Ibu Mercy adalah gambaran seorang
yang mempunyai tekanan berat, persoalan rumah-tangga, ekonomi dan problem
kesehatan anak ke-2nya yang mempunyai penyakit kelainan darah yang membutuhkan
biaya tidak sedikit. Tak tahu kemana lagi harus meminta tolong, dan ia kemudian
menjerit dengan jeritan yang tak terungkapkan dengan suara, ia bunuh diri.
Pada saat seorang klien ingin bunuh
diri karena merasa sudah tidak dapat menanggung beban hidup diri &
keluarganya, seperti kasus bu Mercy. Terapis Eksistensial mungkin memandangnya
sebagai simbolik. Karena bukankah berarti klien merasa mati sebagai pribadi,
apakah klien menggunakan potensi manusiawinya, apakah klien memilih mati hanya
sekedar mengukuhkan kehidupan. Terapis Eksistensial akan mengonfrontasikan
klien dengan masalah makna dan maksud dalam hidupnya. Sehingga klien mempunyai
alasan untuk ingin melanjutkan hidup & melakukan sesuatu untuk menemukan guna
tujuan yang akan membuat dirinya merasa lebih berarti dan hidup, karena dalam
terapis konselor akan mengajak klien memahami dirinya sendiri sebagai manusia
yang hidup berdampingan dan selalu dihadapkan oleh kenyataan-kenyataan pahit
atau manis sehingga mampu eksis dalam kehidupannya.

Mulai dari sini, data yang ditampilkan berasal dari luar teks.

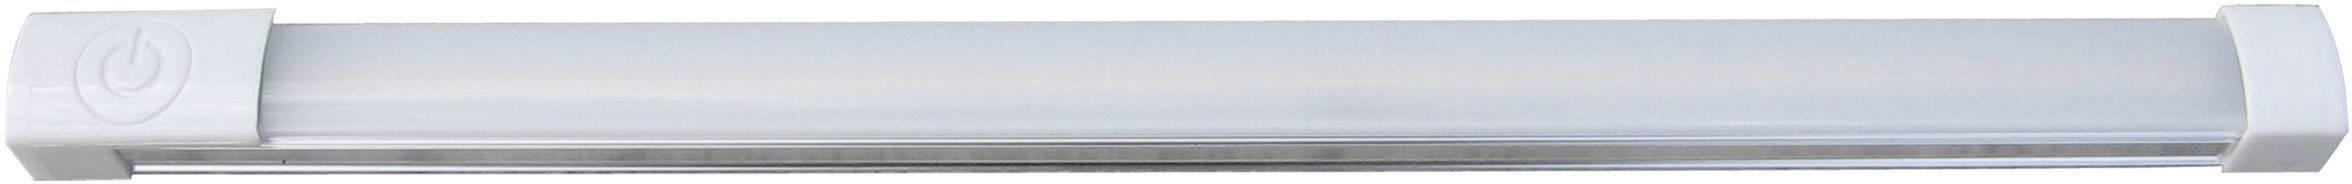 LED světelná lišta (základní sada) DioDor DIO-TL25-SP-FW, 3.5 W, 25 cm, studená bílá, bílá
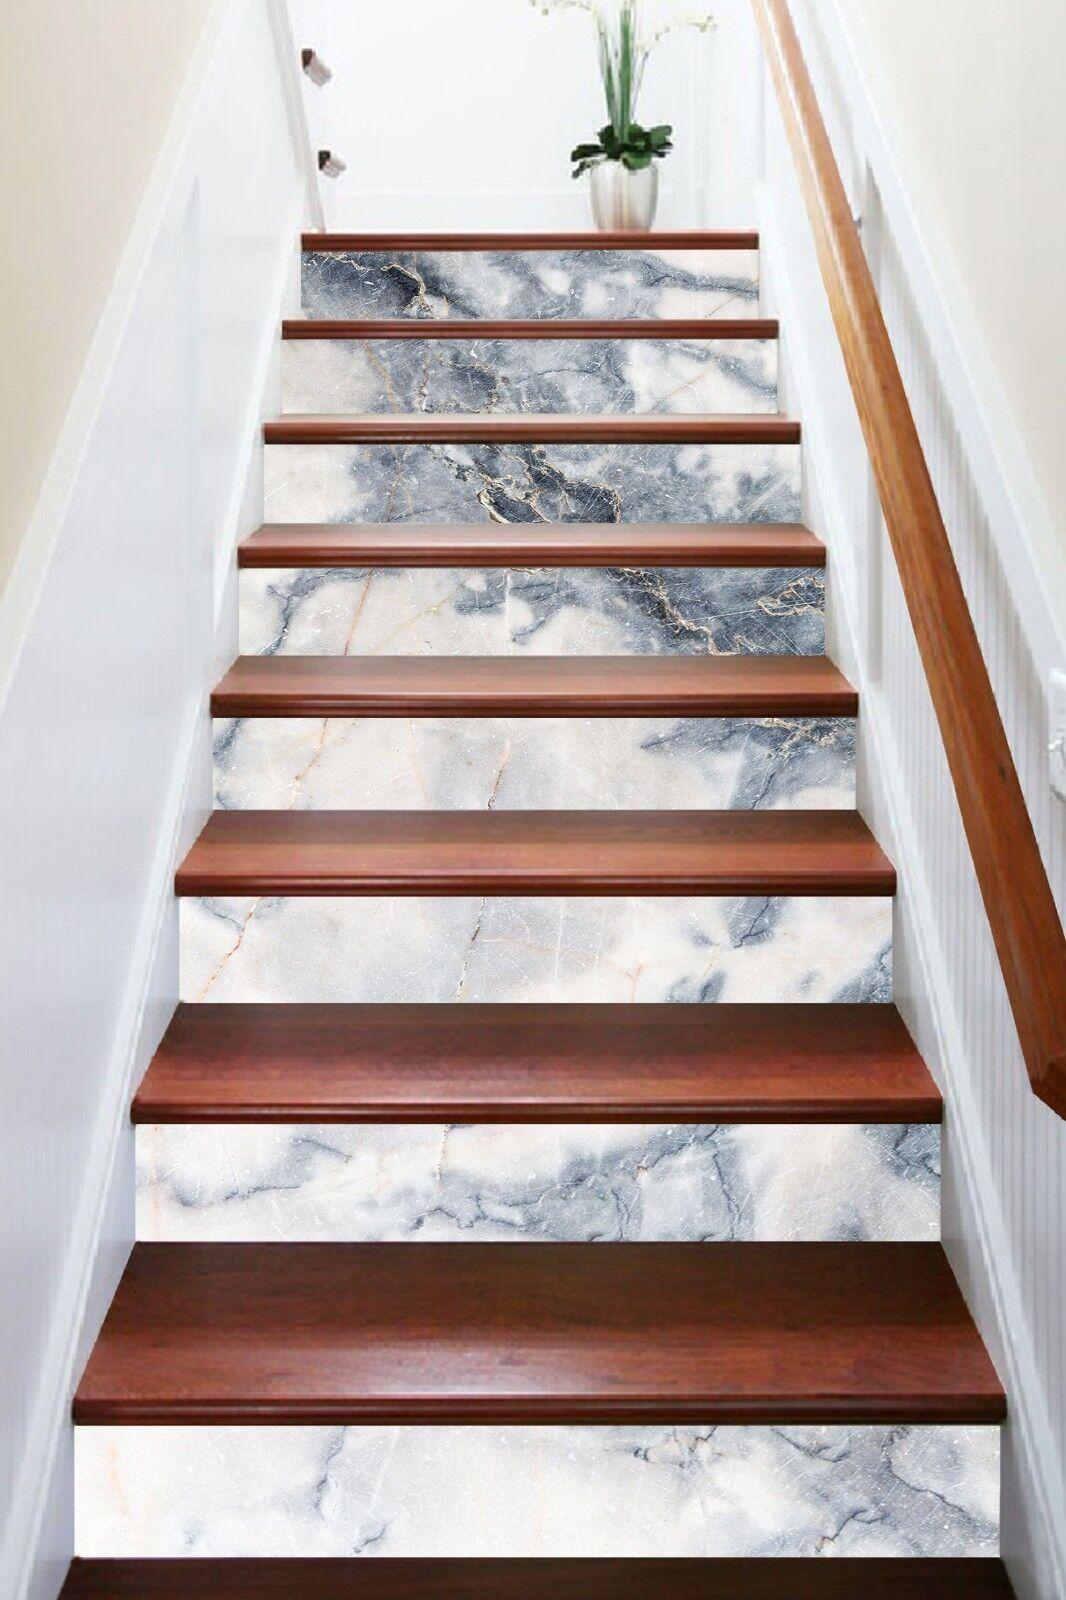 3D Grey White Texture 1 Tile Marble Stair Riser Decoration Mural Vinyl Wallpaper

Perasaan bersalah (kasus: tidak
mampu membiayai pengobatan anaknya) adalah kekuatan dominan dalam kehidupan
klien. Bagaimanapun banyak dari perasaan bersalahnya yang merupakan perasaan
bersalah neurotik karena ia berlandaskan pandangan tentang mengecewakan orang
lain dan bukan memenuhi pengharapan mereka. Klien harus belajar bahwa perasaan
bersalah akan berguna jika berlandaskan kesadarannya atas penyia-nyian
potensinya sendiri. Terapi eksistensial akan melihat harapan klien dalam
belajar untuk menemukan keterpusatannnya sendiri dan dalam hidup dengan
nilai-nilai yang dipilih dan diciptakannya sendiri. Dia juga bisa berhubungan
dengan orang lain dengan kekuatannya sendiri untuk membentuk suatu hubungan
yang dependen.
Tujuan dari terapi ini adalah
menyajikan kondisi-kondisi untuk memaksimalkan kesadaran diri dan pertumbuhan.
Menghapus penghambat-penghambat aktualisasi potensi pribadi. Membantu klien
menemukan dan menggunakan kebebasan memilih dengan memperluas kesadaran diri. Membantu
klien agar bebas dan bertanggung jawab arah kehidupannya sendiri.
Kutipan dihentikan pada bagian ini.